Refrigerants for the 21st Century
10. Evidence of Ozone Layer Damage

The size of the springtime "hole" in the Antarctic O3 layer had continued to grow, peaking in the early 1990's when it covered nearly the entire continent. Average ozone concentrations dropped remarkably. Studies were extended to the region above the Arctic Circle at that time. Here too O3 loss is seen, though not as extensive as over the Antarctic. Careful study of accumulated data from satellites orbiting the earth and from ground-based instruments also show a worldwide decline in stratospheric O3 since the mid-1970's, especially during wintertime. The O3 losses exceed what would be expected from the variability owing to natural phenomena.

Stratospheric Ozone in the Antarctic Courtesy Center for Atmospheric Science, University of Cambridge

The growing evidence for stratospheric O3 damage prompted an almost unprecedented response from the nations of the world. Meeting in Montreal, Canada in September, 1987, representatives of 24 nations agreed upon a protocol limiting the use of and freezing, then cutting the production of CFC's and halons. Here was true international cooperation in advance of a catastrophe! And even before the cause(s) was clearly established. In addition to this foresight, the negotiators agreed to examine new data periodically and adjust the Protocol as needed. This has led to subsequent meetings in London, Copenhagen and Cairo where timetables have been shortened and the scope of regulations has been expanded to include HCFC's (still contain Cl), and chlorocarbons such as CCl4 and methyl chloroform (CH3CCl3). Even methyl bromide (CH3Br), an important crop fumigant, is under scrutiny. Though not yet approved by all the Montreal Protocol signatories, the current worldwide production phase-out goal for CFC's and HCFC's is 2004. The timing is even shorter for the halons - 2000.

One of the issues addressed by the Montreal negotiators was how not to impose a hardship on developing countries. As a result, longer timetables have been given to them. It is peculiar that the giant nations, such as China, Russia and India which potentially are the world's largest CFC's users, benefit by being considered to be "developing" nations.

The scientific answer as to why the stratospheric O3 problem is most noticeable in the polar regions was finally found when it was shown that ice particles in clouds in these very cold regions trap pollutants, such as CFC's and halons. They remain relatively inactive until springtime solar radiation strikes the particles, causing the formation of O3-damaging Cl and Br radicals. The Antarctic problem is accentuated by the lower wintertime temperatures there and the peculiar meteorological conditions which isolate the ice-filled clouds from the surrounding continents of Africa and South America. There is more natural movement of the ice clouds over the Arctic.

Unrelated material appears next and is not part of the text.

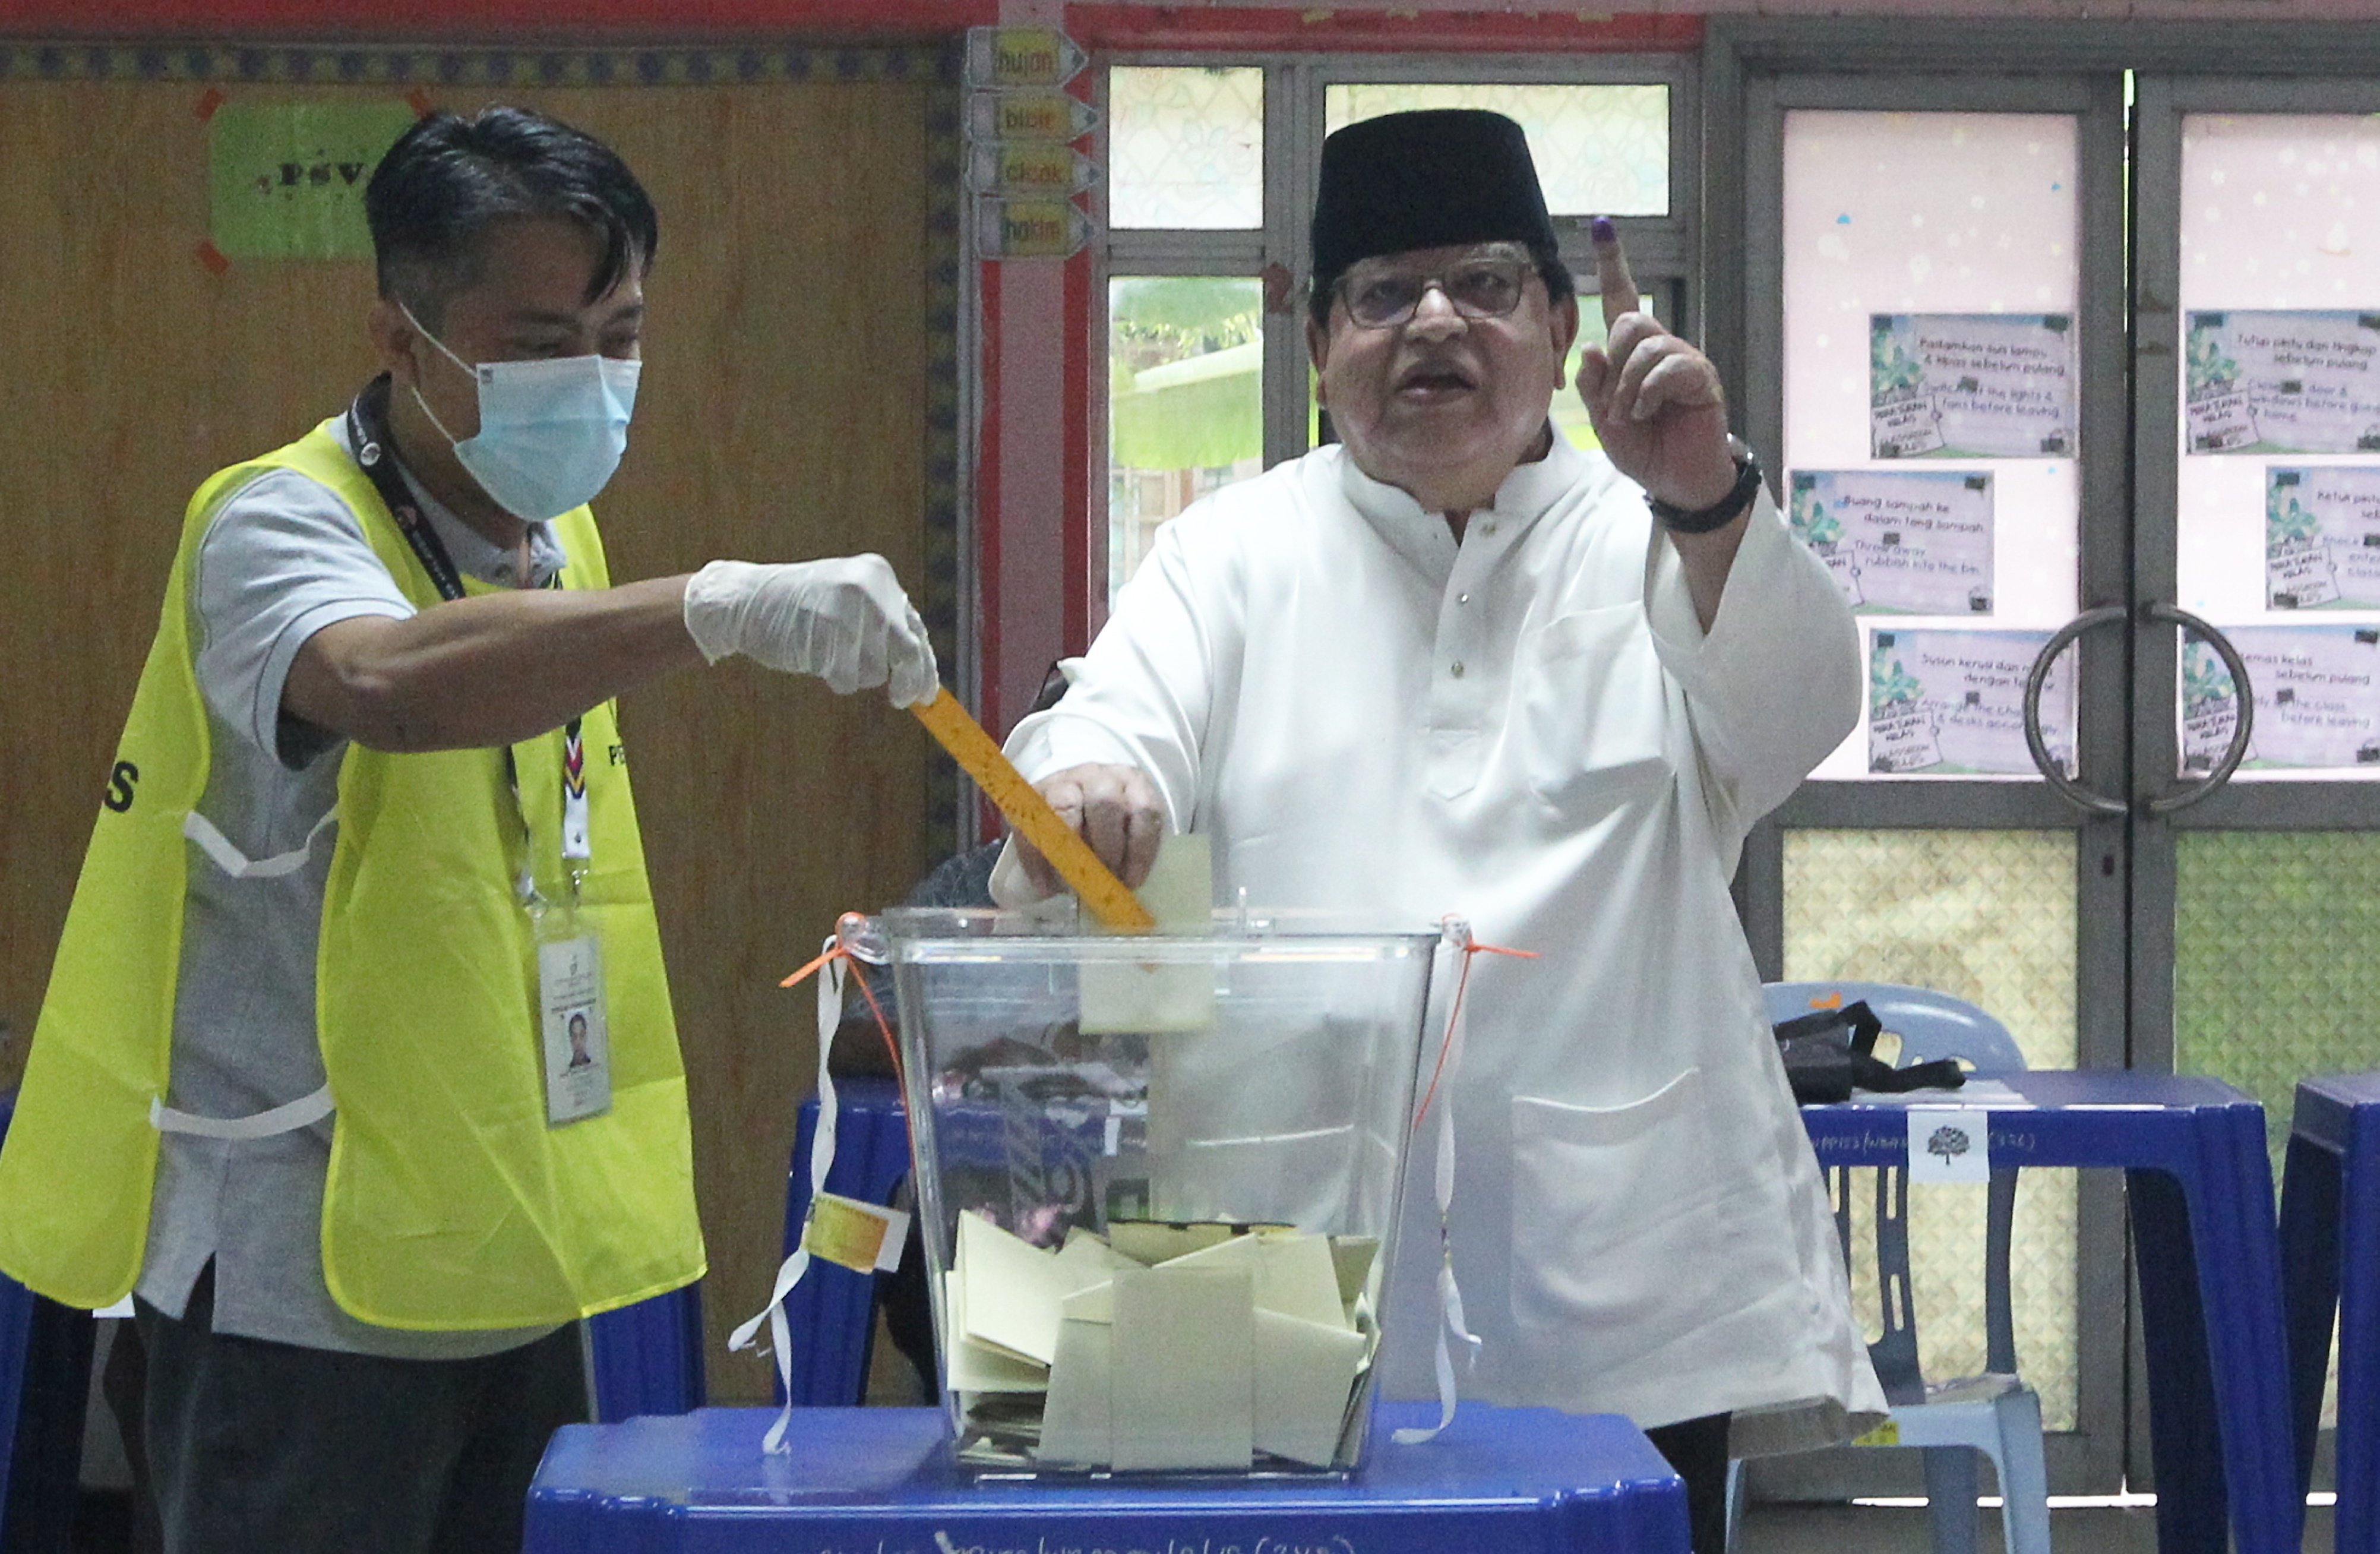 Barisan Nasional P125 candidate for the Putrajaya Parliament, Datuk Seri Tengku Adnan Tengku Mansor voted in conjunction with the 15th General Election in Putrajaya. - NSTP/MOHD FADLI HAMZAH

Careful analytical analyses of the stratosphere have now confirmed the presence of compounds related to CFC's, namely, HF and carbonyl fluoride (COF2).   There are no natural sources of F compounds to escape to the atmoshpere. In addition, all of the larger production fluorocarbons - CFC-11/-12/-113 and HCFC-22 - are routinely measurable in the troposphere.

The need for alternatives to CFC's, so important to our way of life, had become apparent. Developed countries had agreed to stop their production by 1996. Assuming the current worldwide phase-out goals and that all countries adhere to them, the predicted maximum stratospheric O3 loss is expected in 2000.